The amendment was approved by unanimous voice vote.
25. Access to ROWs. Rep. Stearns offered an amendment regarding access to public rights of way. Rep. Stearns argued that it would ensure that new entrants would have ready access to ROWs. Rep. Upton stated that is was not germane. Rep. Stearns withdrew it.
26. Legacy Regulation of VOIP Service. Rep. Inslee and Rep. Engel offered an amendment that imposes upon VOIP service providers the regulatory regime for telecommunications for deaf and hearing impaired services.
Rep. Inslee stated that this requirement only applies to services that are a replacement for telephone service.
He inaccurately described the contents of his amendment. It states that "A VOIP service provider shall have the same rights, duties, and obligations as a telecommunications carrier under sections 225, 255, and 710. In revising the Commission's regulations under such sections to carry out this subsection, the Commission shall consider whether a service or equipment is marketed as a substitute for telecommunications service, telecommunications equipment, customer premises equipment, or telecommunications relay services."
Rep. Upton stated that he accepted the amendment.

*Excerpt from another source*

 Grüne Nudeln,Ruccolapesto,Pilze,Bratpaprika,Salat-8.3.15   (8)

Rep. Barton then expressed his displeasure at not have been given a copy of this amendment beforehand, and his opposition to the content of the amendment. He added that he would not interfere with any commitment that Rep. Upton had made to Rep. Inslee and Rep. Engel. "You are the Subcommittee Chairman. This is your mark up." However, he added that "I would like to point out the obvious. I chair the full Committee."

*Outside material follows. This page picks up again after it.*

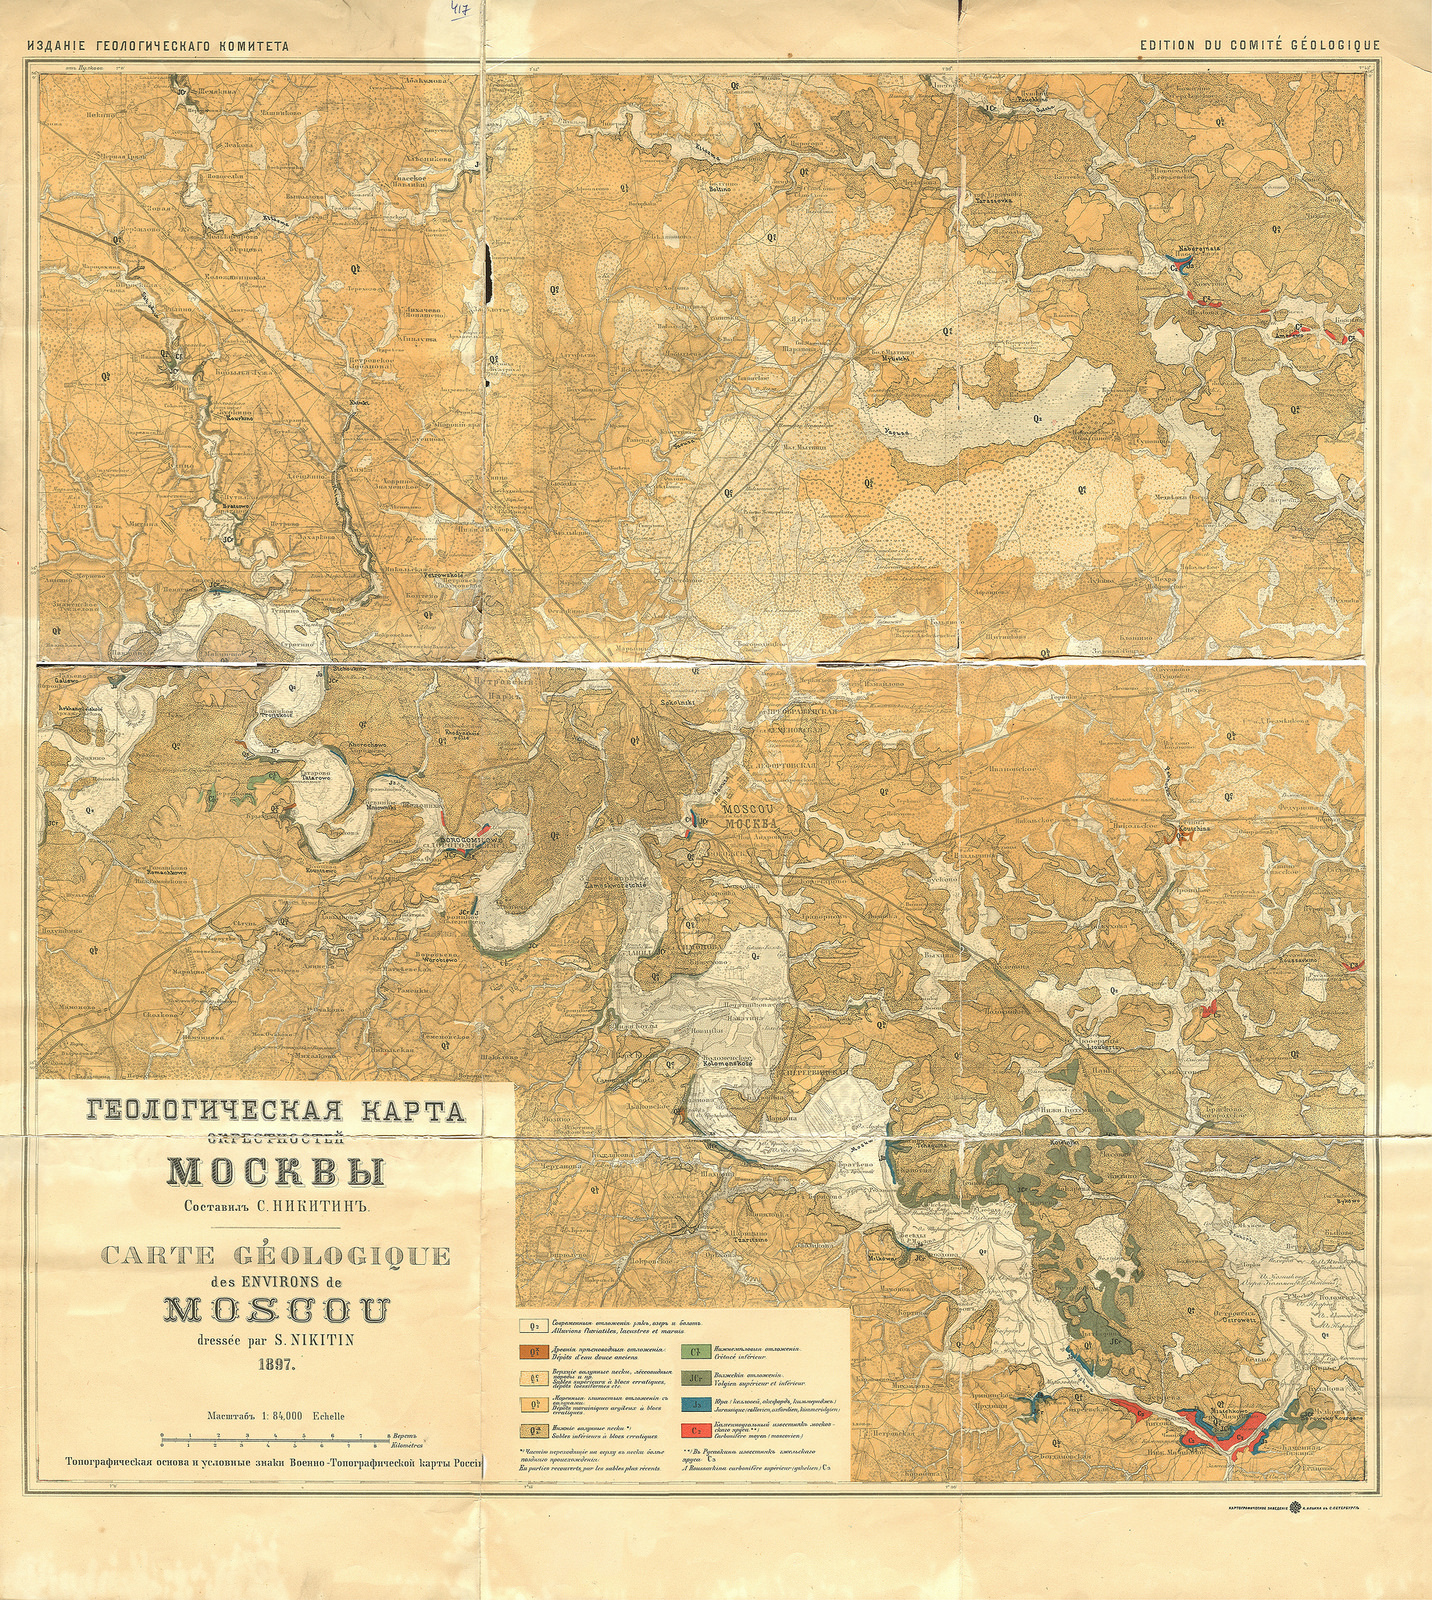 1897_Nikitin_Geology_map_Moscow_1x84000

Rep. Upton said then that there may be a manager's amendment at the full Committee mark up that removes this amendment.
Basically, Rep. Barton said that VOIP "is a different animal" from telephone service. He expressed opposition to imposing old regulatory regimes on new internet services. "I don't think this bill is about reinventing regulation", said Rep. Barton. He added that this amendment "would be burdensome, to say the least, to implement".
Rep. Barton sat in silence, with his hand on his mouth, when the Subcommittee approved this amendment by unanimous voice vote.
27. White Space Study. Rep. Inslee offered an amendment that would require the FCC and NTIA to conduct a "band-by-band analysis of the usage of spectrum to identify any bands that are not being used efficiently".
Rep. Upton said that it was not germane. Rep. Inslee withdrew it.
28. Tying by Broadband Service Providers. Rep. Boucher offered an amendment that provides that "A broadband service provider shall not require a subscriber, as a condition on the purchase of any broadband service the provider offers, to purchase any other cable service or telecommunications service offered by the provider."
Rep. Boucher argued that consumers should be able to purchase broadband service as a stand alone service.
Rep. Upton accepted the amendment. It was approved by unanimous voice vote.
Franchising Parity. Rep. Pickering did not offer an amendment
pertaining to franchising parity, when there are two or more service providers
in one area. However, he stated that he had considered doing so, and that he
might offer such an amendment later.